Pandas differentiates between spatial joins and attribute joins. An **attribute** join works more or less the same as in standard pandas, and uses values that are in common to both. A **spatial** join uses the geometry of each dataframe.

## Attribute Joins

This works by finding a common value in two dataframes and creating a new dataframe using the common value to add values to an existing feature. In pandas one uses the `merge` function to do this. These are very common when you have existing data that needs to be combined to existing geometry. A common example would be adding demographic data to administrative districts.

In this case, we can see that the employment data has a `Province` attribute.
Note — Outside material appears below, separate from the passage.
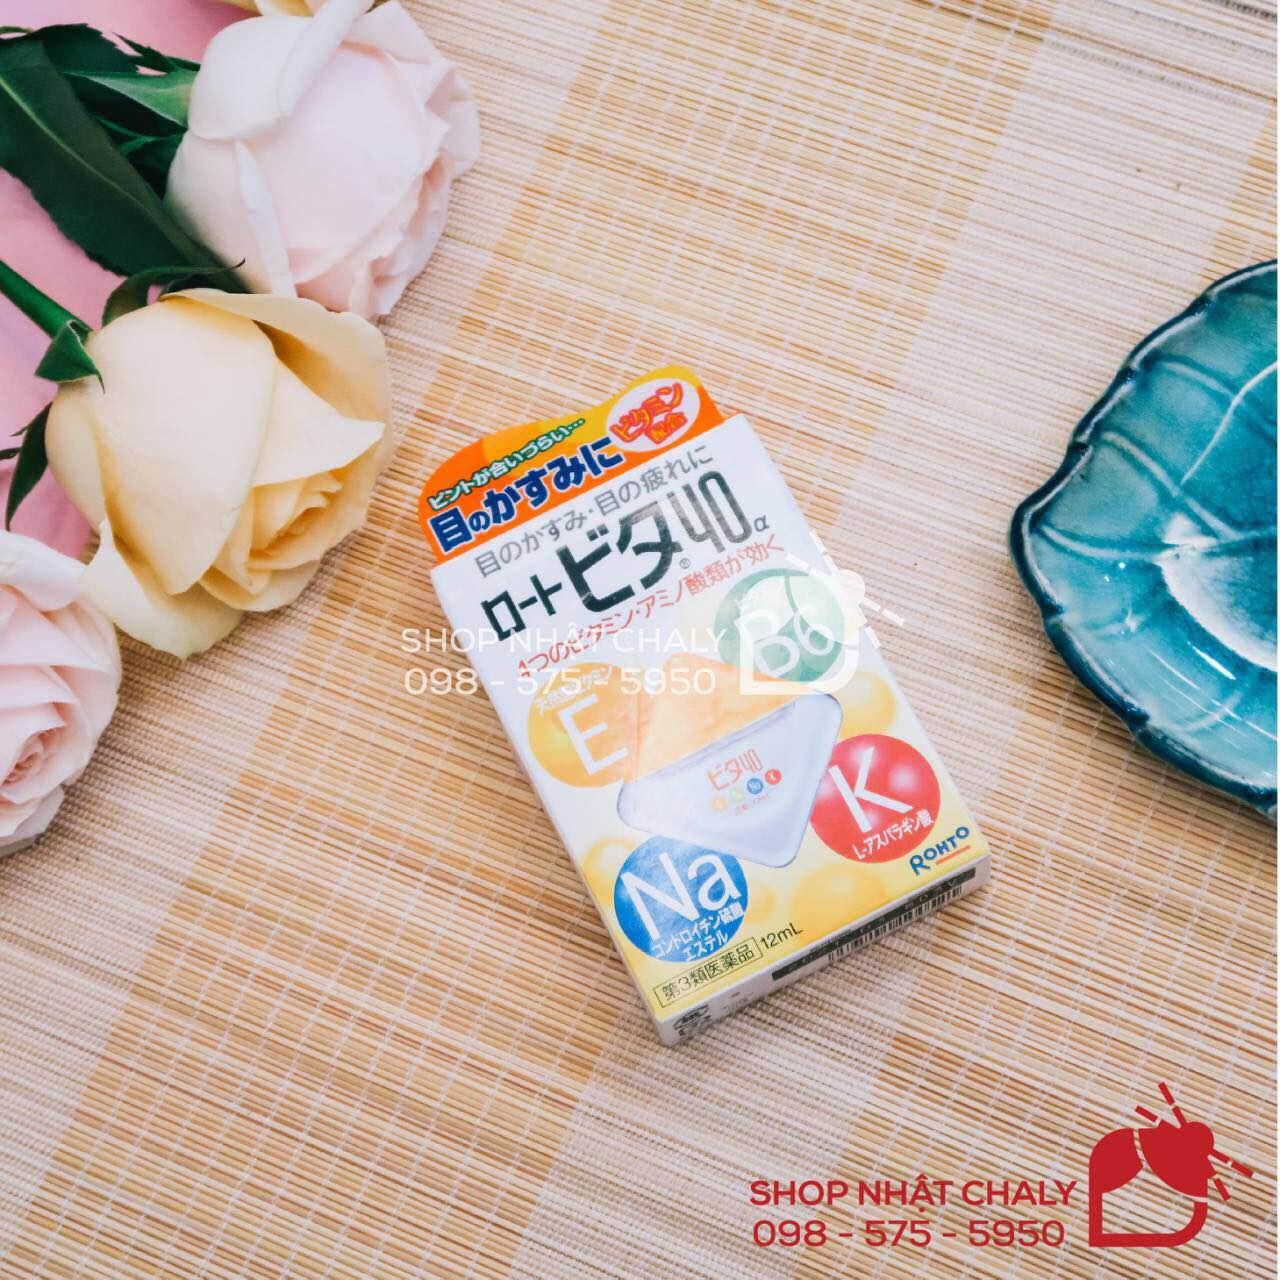 Thuốc nhỏ mắt Rohto vita 40 Nhật Bản là tên gọi khác của thuốc nhỏ mắt rohto nhật màu vàng, dịu nhẹ với mắt, phù hợp mắt nhạy cảm

We can link that to the `name` attribute in `za_provinces`. Further, there is no geometry associated with the employment data, so we have no way of seeing if there are any spatial trends to the data, unless we have a very good mental image of South Africa's provinces.

In [None]:
employment

In [None]:
ax = employment.plot(kind='bar')

In [None]:
za_provinces

We can now merge on these, which will give us a dataframe that adds the value associated with a given province in the employment data to each province.

In [None]:
merged_provinces = za_provinces.merge(employment, left_on='name', right_on='Province')
merged_provinces

As we can see, we have added the columns from `employment` to our `za_provinces` geodataframe, which we can treat normally. Also worth noting is that we have lost the row with the totals of each class, because there is no province named 'Total'. Since this is now a standard geodataframe, we can easily make a plot based on the employment data for each province.

In [None]:
ax = merged_provinces.plot('Total', scheme='NaturalBreaks', k=5, legend=True, edgecolor='white', cmap='cividis')
ax.set_ylim(-35.2, -21.8)  # These limits are to ignore the Gough Islands
ax.set_xlim(16, 33.2)  # These limits are to ignore the Gough Islands
the_legend = ax.get_legend()
the_legend.set_bbox_to_anchor((1.7,1))
plt.title('Population in South Africa per Province')
ax2 = merged_provinces.plot(merged_provinces['Unemployed']/merged_provinces['Total']*100, scheme='NaturalBreaks', k=5, legend=True, edgecolor='white', cmap='cividis')
ax2.set_ylim(-35.2, -21.8)  # These limits are to ignore the Gough Islands
ax2.set_xlim(16, 33.2)  # These limits are to ignore the Gough Islands
the_legend = ax2.get_legend()
the_legend.set_bbox_to_anchor((1.45,1))
plt.title('Percentage unemployed in each province')

## Spatial Joins

These work by looking at the geometry of two different geodataframes and relating them to each other.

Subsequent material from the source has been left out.